Records to process:
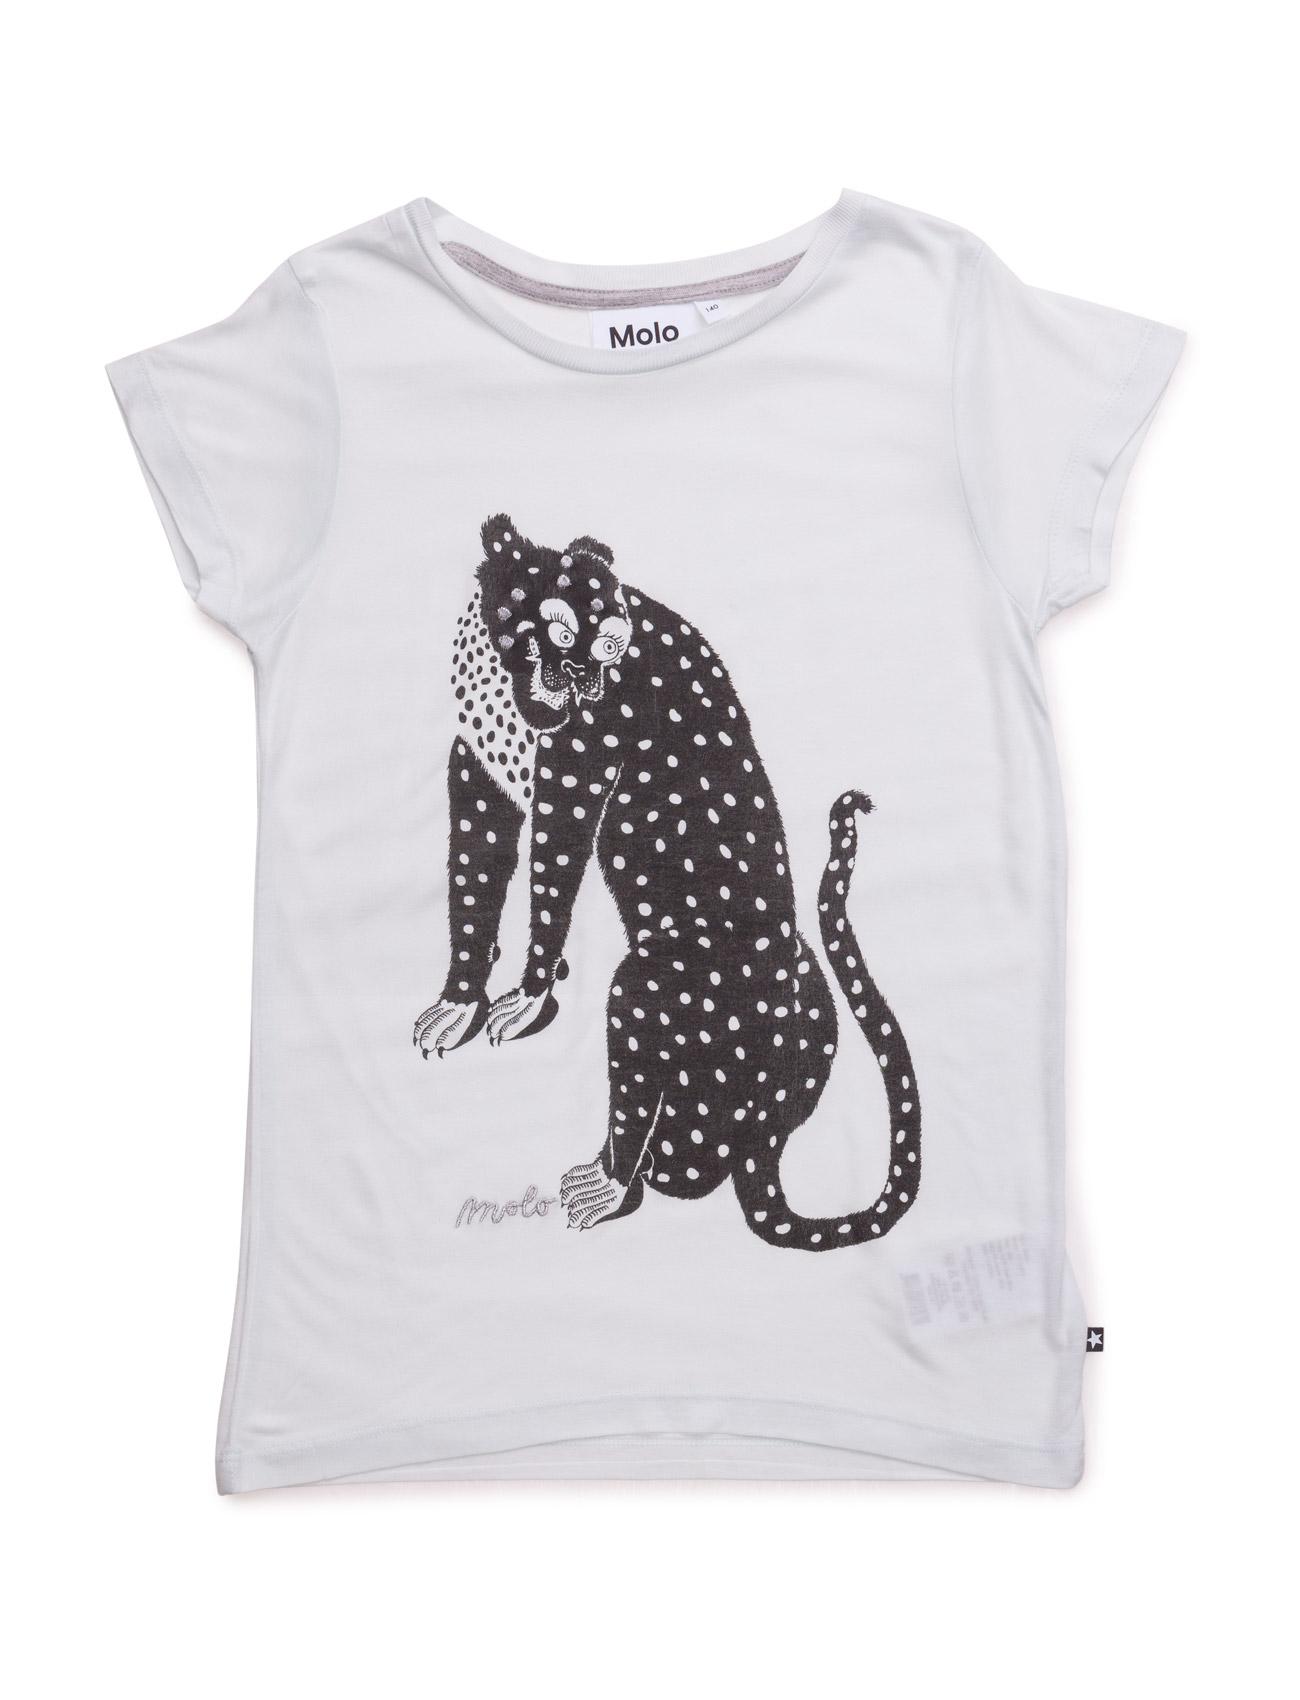 Ruana Molo Kortærmede t-shirts til Børn i
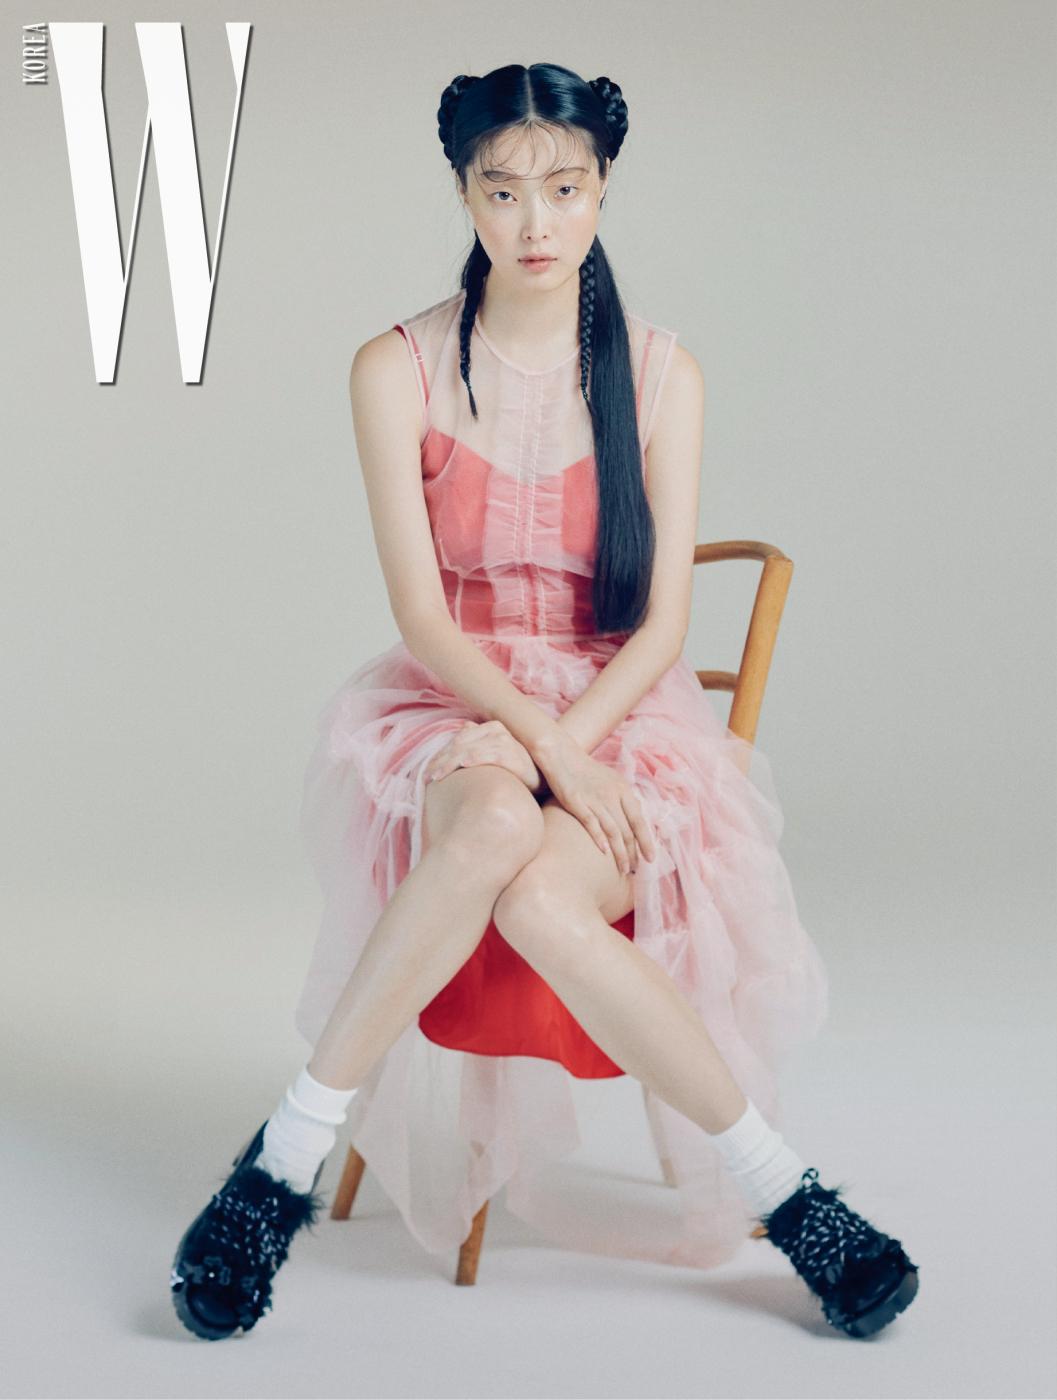 여성스러운 분홍색 시스루 드레스와 빨강색 슬립 드레스, 소녀 무드의 꽃, 퍼 장식과 산악화 모티프의 끈이 어우러진 슈즈는 모두 4 Moncler Simone Rocha 제품.
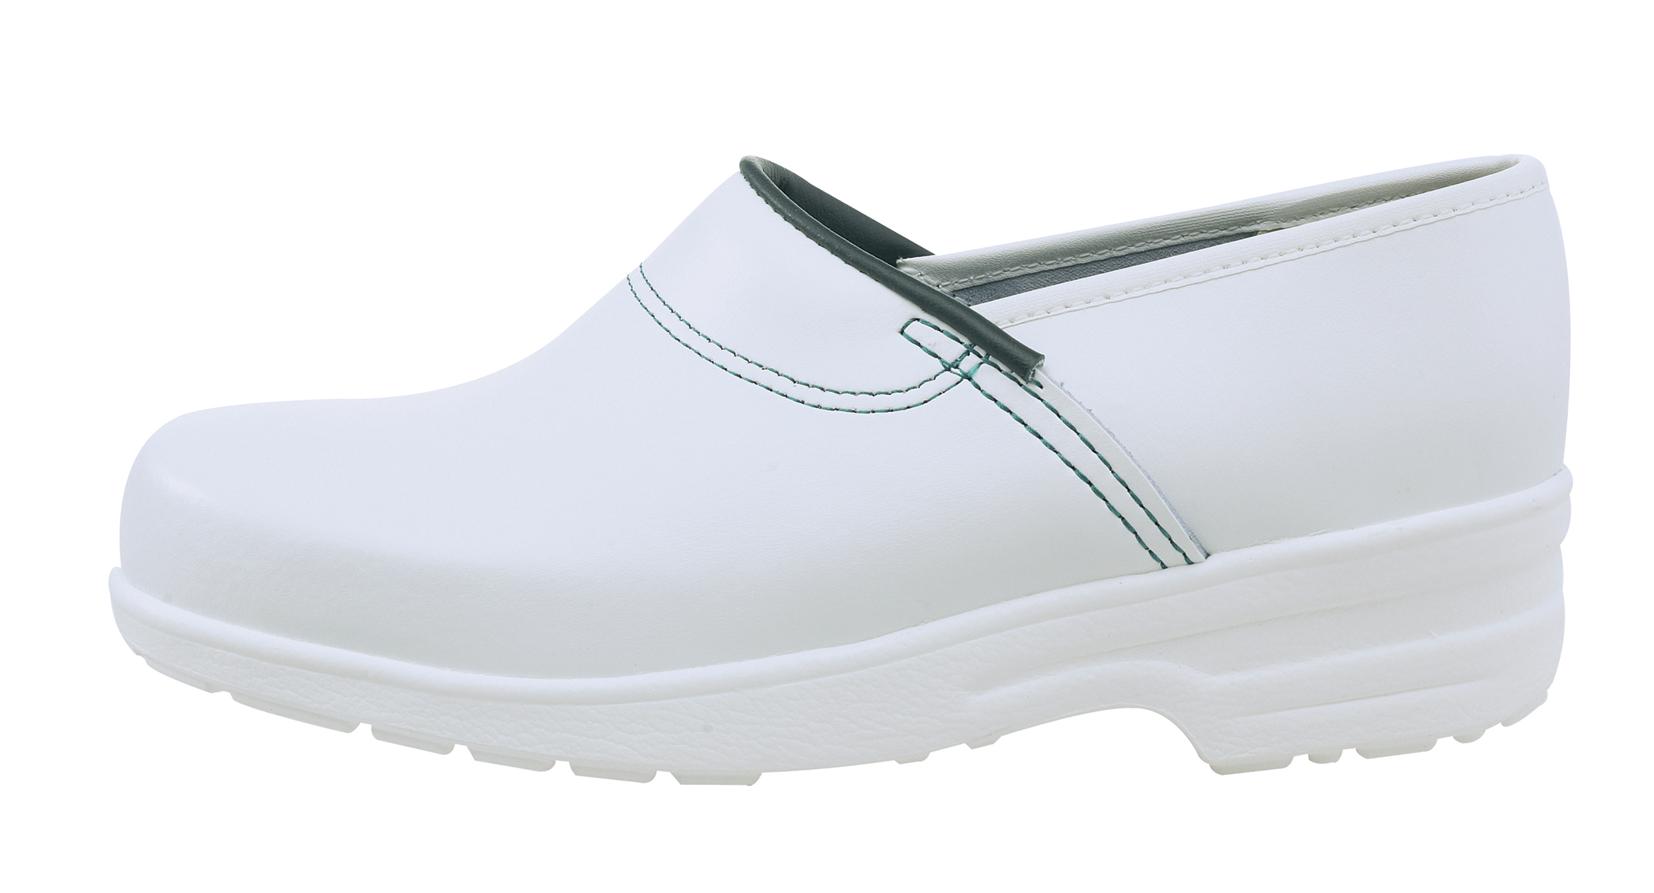 Træsko HKSDK m/k u/si hvid N86
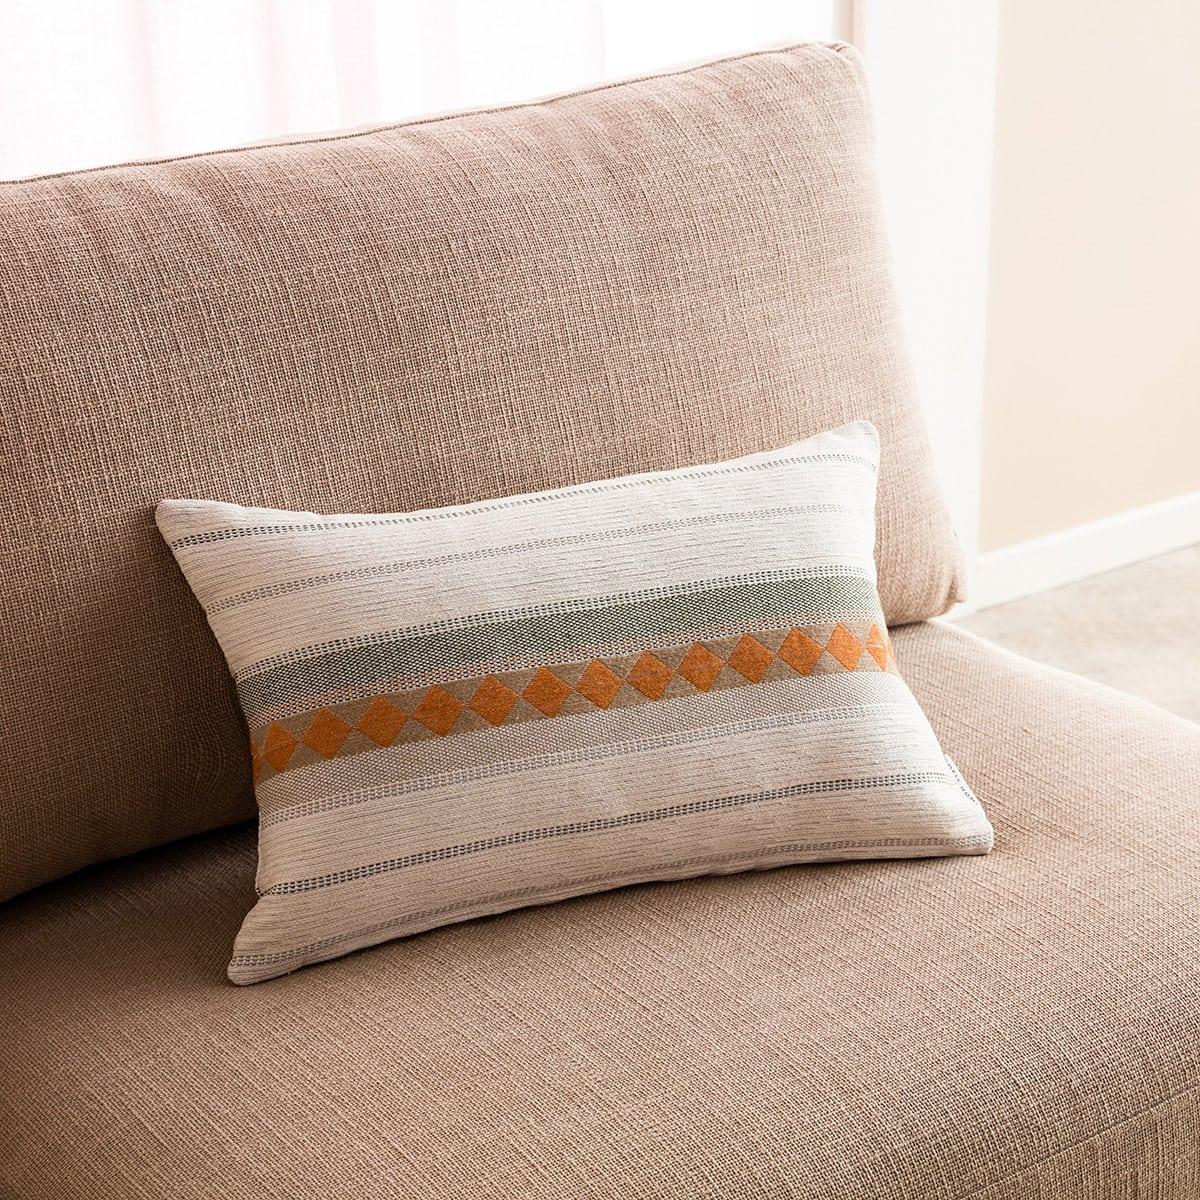 Μαξιλαροθήκη Διακοσμητική Kallista 287/18 Khaki Gofis Home 30Χ50 Βαμβάκι-Polyester
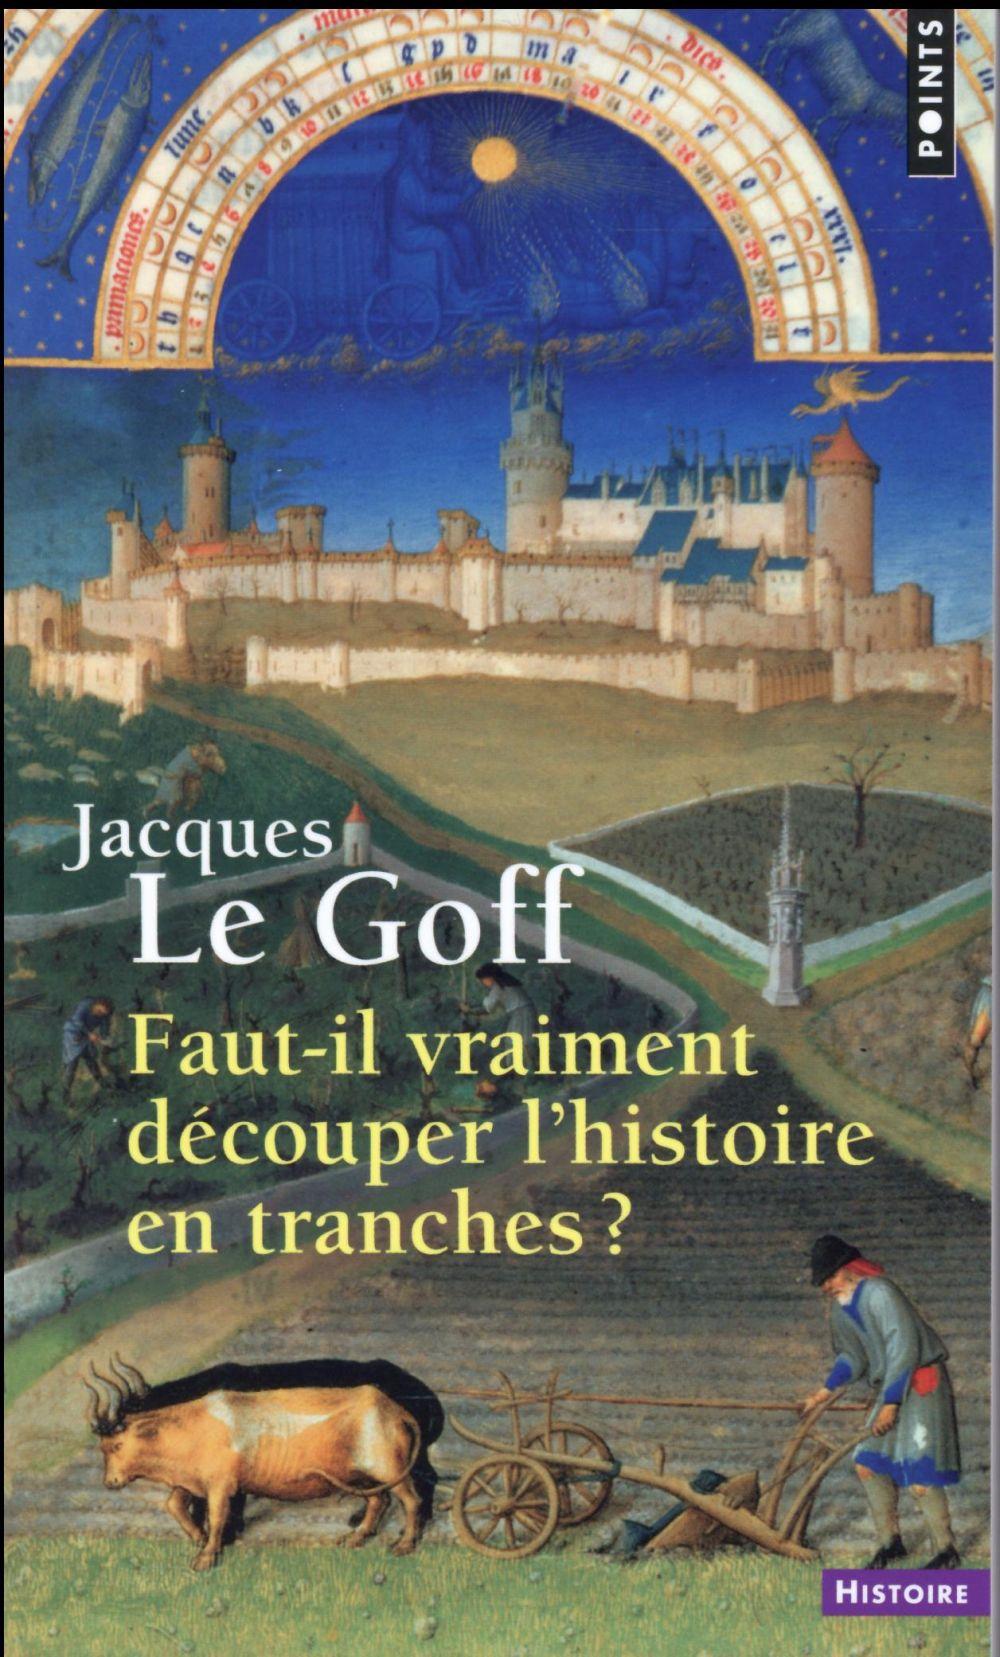 FAUT-IL VRAIMENT DECOUPER L'HISTOIRE EN TRANCHES ?

Task goal:
Your copy of the data above should match it exactly, apart from the images.

Solution for this exercise:
 Ruana Molo Kortærmede t-shirts til Børn i
 여성스러운 분홍색 시스루 드레스와 빨강색 슬립 드레스, 소녀 무드의 꽃, 퍼 장식과 산악화 모티프의 끈이 어우러진 슈즈는 모두 4 Moncler Simone Rocha 제품.
 Træsko HKSDK m/k u/si hvid N86
 Μαξιλαροθήκη Διακοσμητική Kallista 287/18 Khaki Gofis Home 30Χ50 Βαμβάκι-Polyester
 FAUT-IL VRAIMENT DECOUPER L'HISTOIRE EN TRANCHES ?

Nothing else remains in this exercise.